“I predict the year 2023 to be the year when AI-supported content generation is hitting the mainstream and might as well disrupt some established markets,” said Andreas Braun, AI & AI lab leader at PwC Luxembourg. PwC Luxembourg

“I predict the year 2023 to be the year when AI-supported content generation is hitting the mainstream and might as well disrupt some established markets,” said Andreas Braun, AI & AI lab leader at PwC Luxembourg. PwC Luxembourg

Andreas Braun, AI & AI Lab Leader at PwC Luxembourg, talks about what he thinks will be important in the world of artificial intelligence in 2023.

It’s an exciting time to be in the world of artificial intelligence (again). It would almost seem that such a statement could have been made anytime in the last five years, but let me provide a bit of evidence for why it is relevant now.

Generative AI has hit the mainstream. GPT-3 (Generative Pre-trained Transformer 3), DALL·E 2--a new AI system that can create realistic images and art from a description in natural language--and similar content-generating AI systems have increasingly opened new possibilities for writers and artists. But they have also raised concerns of the impact on their livelihood, the use of their works in training the AI models, or in some cases, even overblown fear that the era of general AI that surpasses human intelligence in all aspects is already here.

Spoiler alert--we are not quite there yet. The creativity in which artists have managed to learn and apply these generative AI tools in just a few short weeks is astounding and is a sign of things to come in the creative domain, especially when humans remain “in-the-loop.” It was, surprisingly, also a great lesson in the power of open innovation.

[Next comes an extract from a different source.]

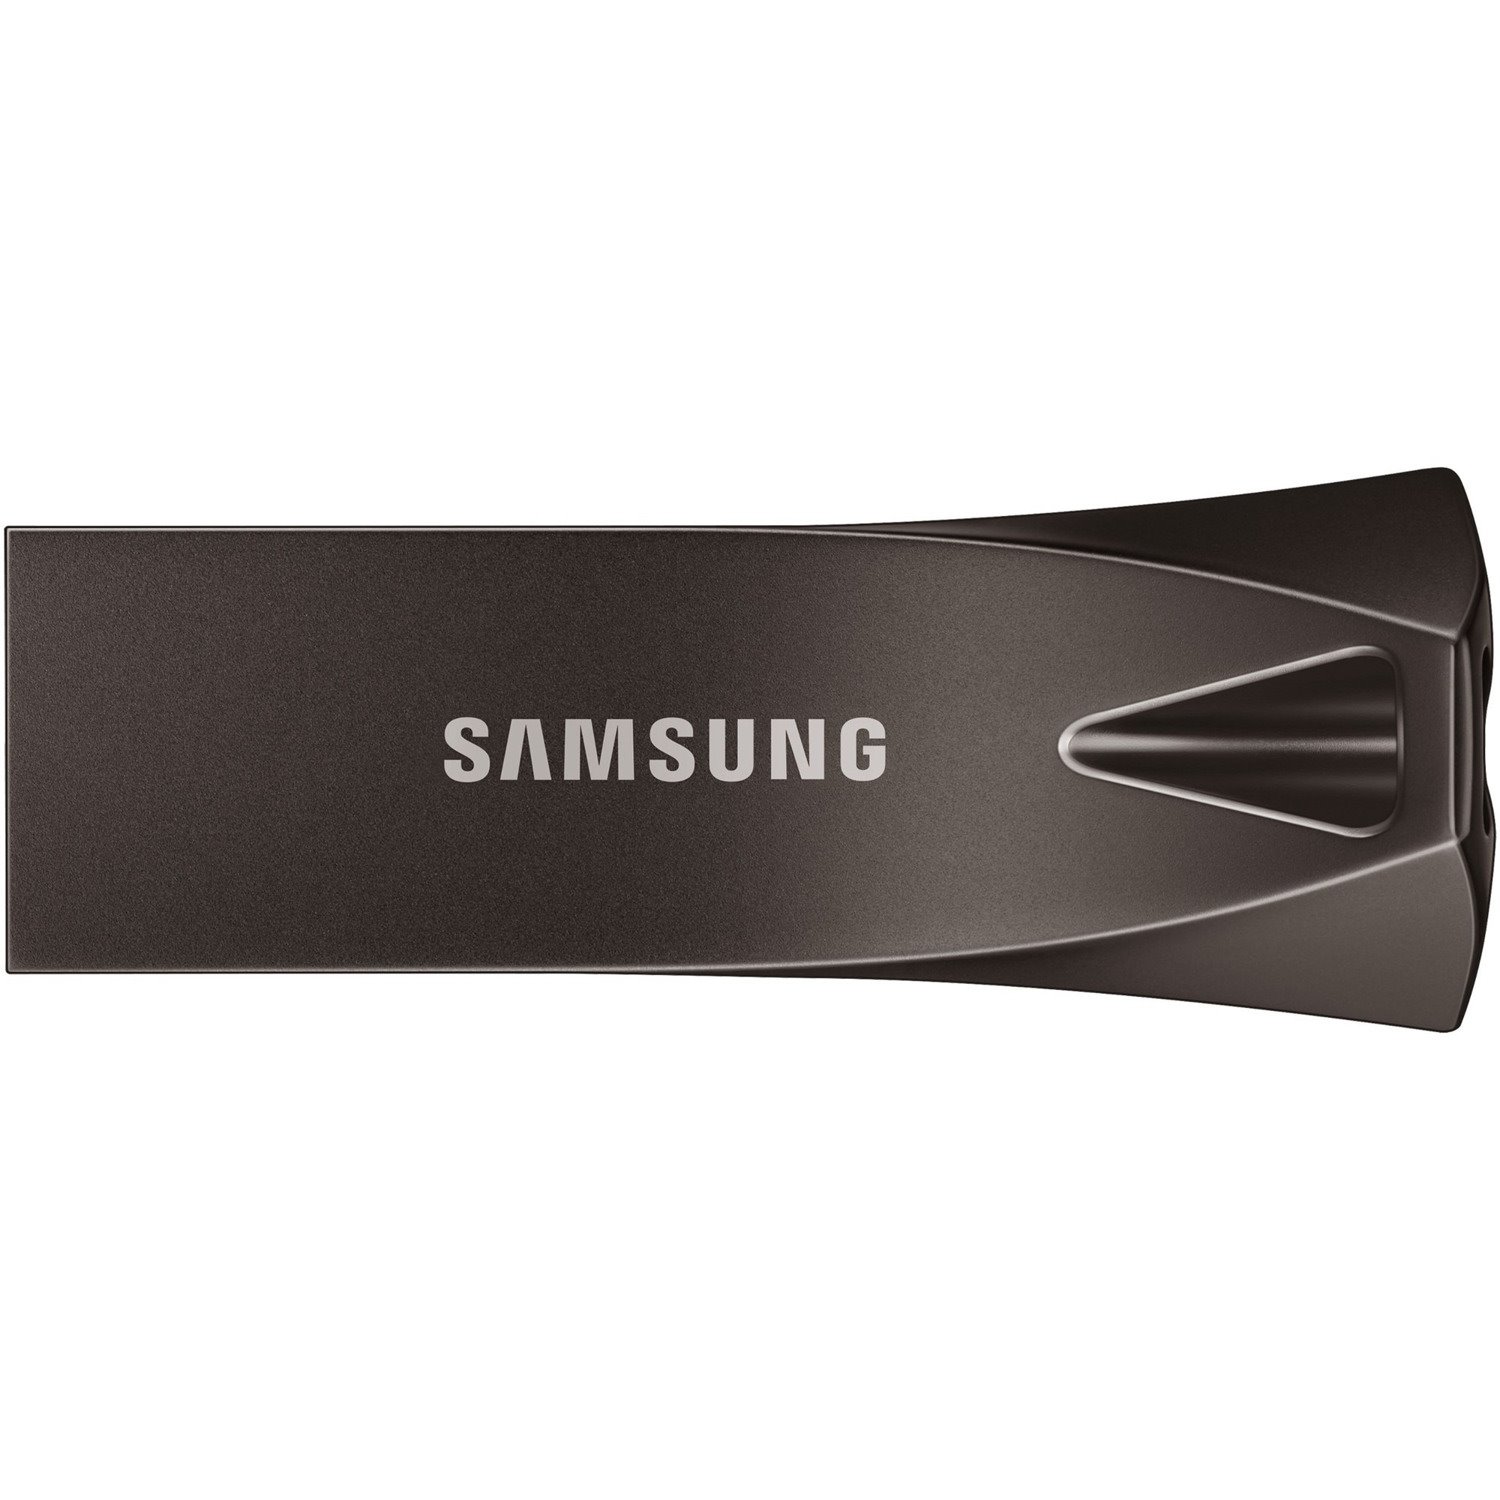 Samsung BAR Plus 64 GB USB 3.1 Type A Flash Drive - Silver

Stability AI, the company behind StableDiffusion, an AI art generator, opted for a fully open approach, releasing their expensively trained model to the public. Within a few weeks, the open-source community built a plethora of modifications, tools and extensions that vastly and quickly outgrew the initial ambition, including making this available on your iPhone. What did the company gain from this? Press coverage, an enthusiastic community of potential users, developers that might be worth hiring and, last but not least, the title as the next unicorn in the startup world, with its valuation skyrocketing beyond one billion dollars. Not bad for an investment of six hundred thousand into the initial training of the model.

So, I predict the year 2023 to be the year when AI-supported content generation is hitting the mainstream and might as well disrupt some established markets. Think about a text-generating tool that helps you when you get writer’s block, imagine a photo manipulation software that automatically generates a set of modifications, for you to pick and choose from. Imagine a drawing software that allows artists to quickly experiment with different styles and techniques and helps create new and original artwork. Disclaimer: I used one of those text-generating tools I mentioned to write that last sentence.

In my view, the year 2023 in AI will be truly exciting. Are established players like Microsoft and Adobe ready to take on their upcoming competitors? Can Luxembourg start-ups use the capacity of MeluXina to create disruptive solutions? Will the upcoming European AI Act hurt or empower the market in the EU? One thing is certain, AI will not disappear from our radar anytime soon.